Cary Grant, Archibald Leach en sus tiempos de Bristol, da para mucho. No hay un retrato feliz del pequeño Archy. La niñez tuvo que ser un lugar oscuro y mal ventilado para él, que era el hijo superviviente de una pareja mal avenida. El primogénito murió muy niño aún, porque su madre le pilló el dedo con una puerta y el pulgar se gangrenó. La infección acabó con su corta vida y con la cordura de la madre, que se propuso cuidar al segundo de sus hijos obsesivamente. Todo era peligroso, todo entrañaba una amenaza terrible en su mente atormentada y Grant aguantó durante años que lo vistieran de niña y lo obligaran a llevar el pelo largo. Cuando tenía nueve años, la madre desapareció y él vivió como un abandono lo que en realidad había sido una decisión de su padre, un sastre del que aprendió las virtudes de un buen tejido, el milagro que obra sobre algunos hombres el buen corte de un traje. Fue él quien decidió internarla en el psiquiátrico porque su esposa decía que oía voces de mujer en la casa. En el hospital no preguntaron mucho más.
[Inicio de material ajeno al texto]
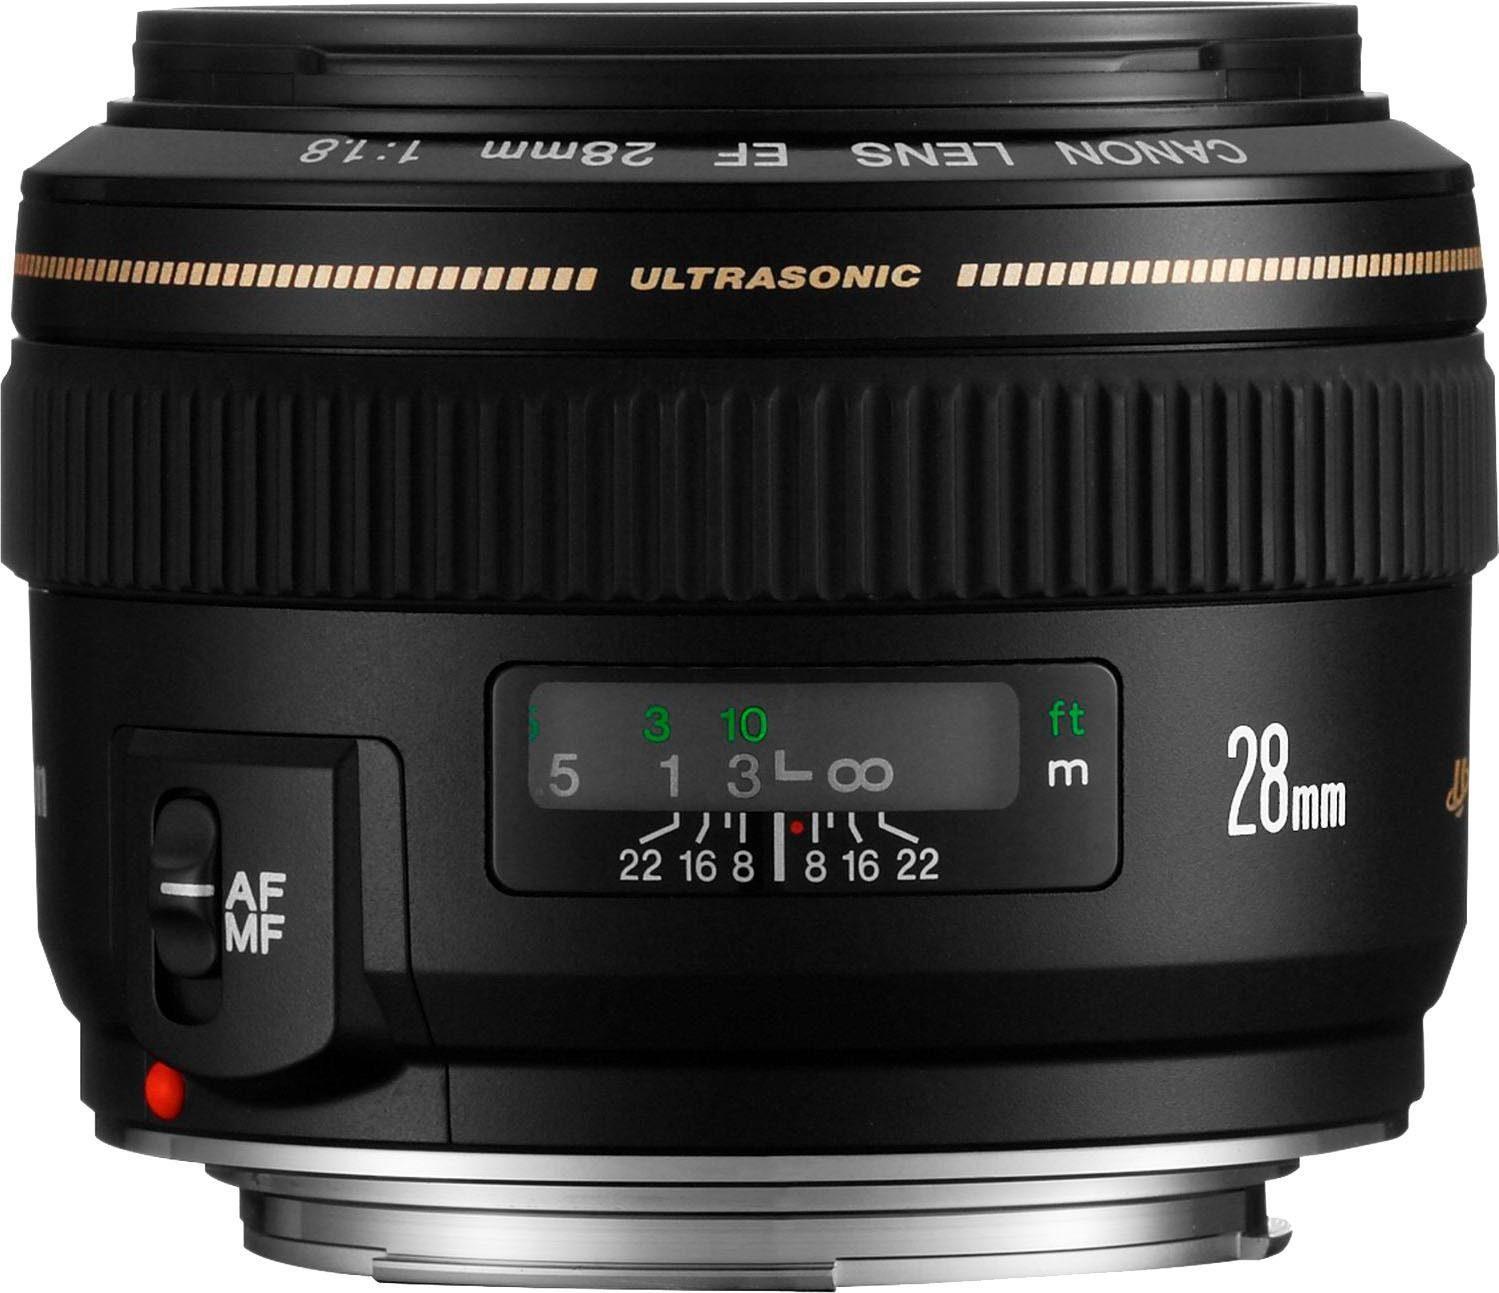 Canon »EF28MM F1.8 USM« Weitwinkelobjektiv

Grant, ya convertido en estrella de cine, descubrió que su madre seguía viva en aquel loquero y la sacó de allí. Le compró una casa en Bristol y la visitaba a veces, pero nunca quiso que viviera con él en Estados Unidos. Achacaba a la ausencia de esa mujer a la que culpó tanto tiempo de no haberlo querido todos los desastres matrimoniales que vendrían después. Nunca supo confiar en nadie y cada éxito suyo en la gran pantalla ocultaba el enorme fracaso vital del chico pobre de los suburbios que sabía fingir mejor que nadie que pertenecía a la alta sociedad. Nadie sabe llevar un abrigo largo como Grant, nadie es capaz de hacer esas acrobacias sin despeinarse ni de resultar tan elegante como gracioso. Decían que Grant sabía actuar hasta de espaldas y recuerdo lo mucho que me gustó el marido embustero de Sospecha, el misterio oscuro que encerraba aquel tipo amable y guapo que llamaba carita de mono a su esposa millonaria y le llevaba un vaso de leche demasiado blanca a la cama. Me gusta el Grant que mira de una forma extraña a Audrey Hepburn en Charada, porque más que el caballero con gracia era un hombre que encontró las herramientas adecuadas en su físico imponente y su talento personal para huir de un mundo, de un lugar, de unos fantasmas, de los que en realidad no pudo librarse nunca.

Patricia Esteban Erlés.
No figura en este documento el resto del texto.